Среди братьев нередко встречались совсем еще юноши, с горячей кровью, наделенные буйным и несдержанным нравом. Тем не менее строгая дисциплина оставалась неотъемлемым элементом жизни каждого храмовника. Каждого юношу необходимо было подчинить ей. Не переломить и не искоренить боевой дух, как это случилось бы в обычном монастыре, но обратить их в то направление, которое принесет наибольшую пользу целям Ордена и Храма. Порой для этого приходилось применять жестокие ограничения. Проступков не прощали никогда.

Абсолютно запрещены были предавание лености и веселью, смешные разговоры и даже самые простые забавы. Настолько строгими были правила, что предполагалось, что и игра в шахматы может стать причиной невольной ссоры. Время, не занятое каждодневными обязанностями, подобало тратить лишь на чтение, произнесение молитв или исполнение какой-либо работы, полезной для братства.

Быстрая езда верхом, к которой Кадан, как и многие рыцари здесь, привыкли с детства, так же не разрешалась. Даже собственное оружие нельзя было брать по своему желанию — только по указу старших братьев. Покидать командорство для посещения города без разрешения командора тоже было запрещено. Есть или пить вино можно было лишь за столом. Число запретов насчитывалось великое множество, и само собой, среди них присутствовал запрет проявлять гнев, оскорблять братьев или тем более причинять им вред.

Для разбора же всех случившихся за последние дни нарушений каждую неделю в обители собирался Капитул.

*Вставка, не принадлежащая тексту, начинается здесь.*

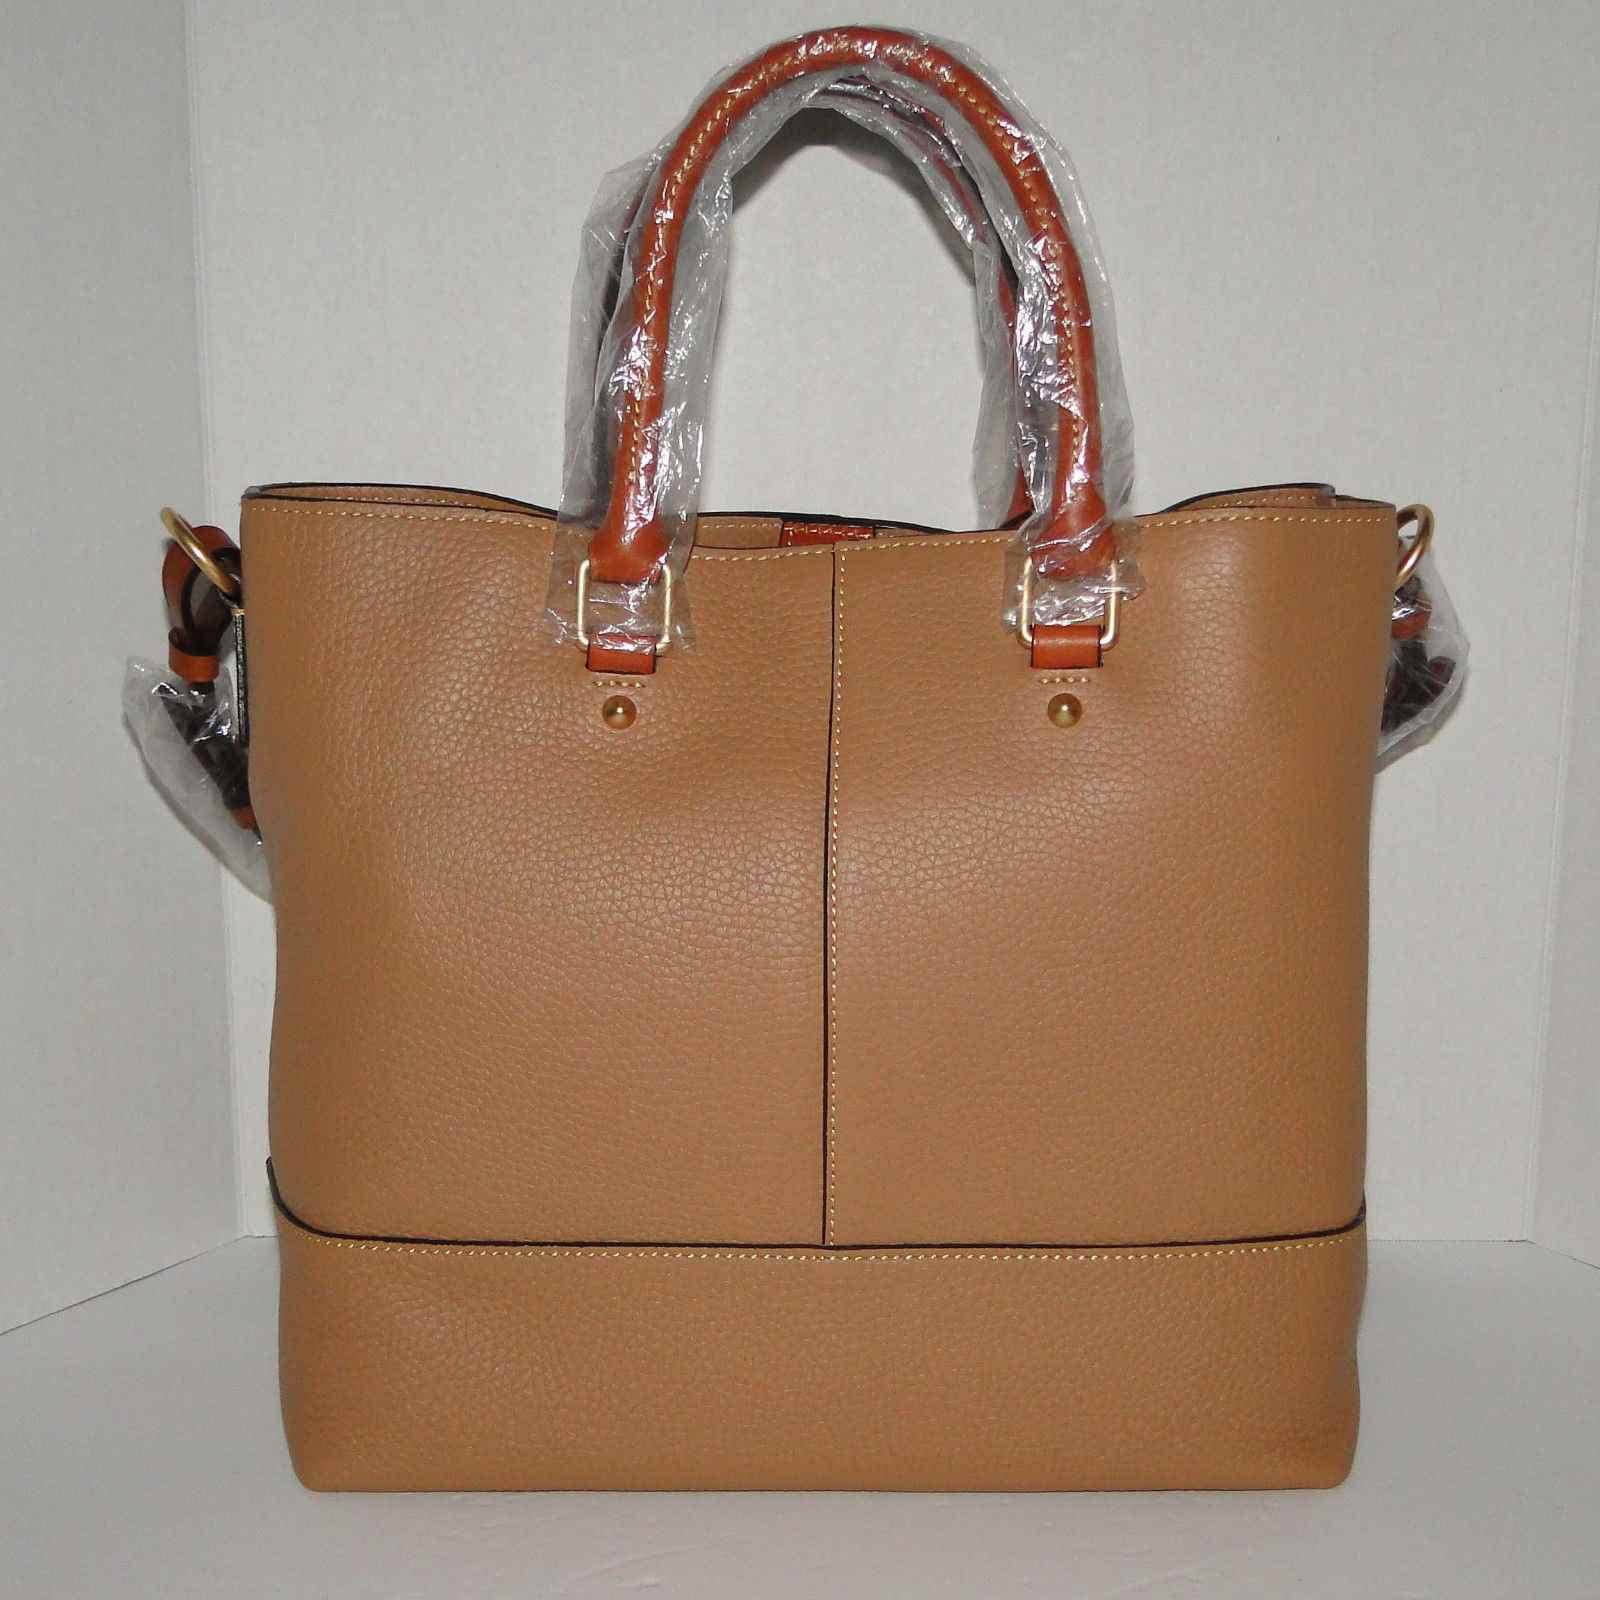 Dooney & Bourke Dillen Chelsea Leather Shopper Sand Color

Надзор за соблюдением устава осуществляли командор и старшие чины Ордена, которые, впрочем, все равно не могли усмотреть за каждым. Потому обязанность следить за выполнением правил ложилась на плечи самих братьев: и не из желания выслужиться или тяги к доносам, но с единственным устремлением к совместному совершенствованию, каждый должен был сообщать на подобном суде о любых нарушениях, которые, как он видел, делал другой. Когда кто-то из братьев оступался, долгом другого было сделать ему выговор — любезно, но строго. Объяснить ему, где он был не прав, и предупредить о невозможности подобных ошибок. Если провинившийся показывал раскаяние и со смирением внимал упрекам, его проступок прощался. В противном случае следовал донос.

Таким образом, попытка Кадана защитить себя лишь подтвердила необходимость довести дело до суда.

В день собрания все братья сошлись в зале Капитула. При входе каждый из них осенил себя крестным знаменьем и те, кто имел головные уборы, снял их. Стоя произнесли молитву, а затем заняли места соответственно чину. Когда все оказались на местах, командор открыл собрание. По его призыву двери были заперты, чтобы никто из посторонних не смог услышать, о чем шла речь, а все братья обратили взгляды к кафедре.

Председатель произнес проповедь и закончил слово воззванием к братии повиниться в своих грехах. С этой минуты все должны были оставаться на своих местах до специального разрешения.

Все по очереди тамплиеры вставали, выходили на судное место, произносили слова приветствия председателю и трижды склоняли колени перед ним. Держаться следовало как на исповеди: смиренно и покорно. Каждый перечислял свои грехи.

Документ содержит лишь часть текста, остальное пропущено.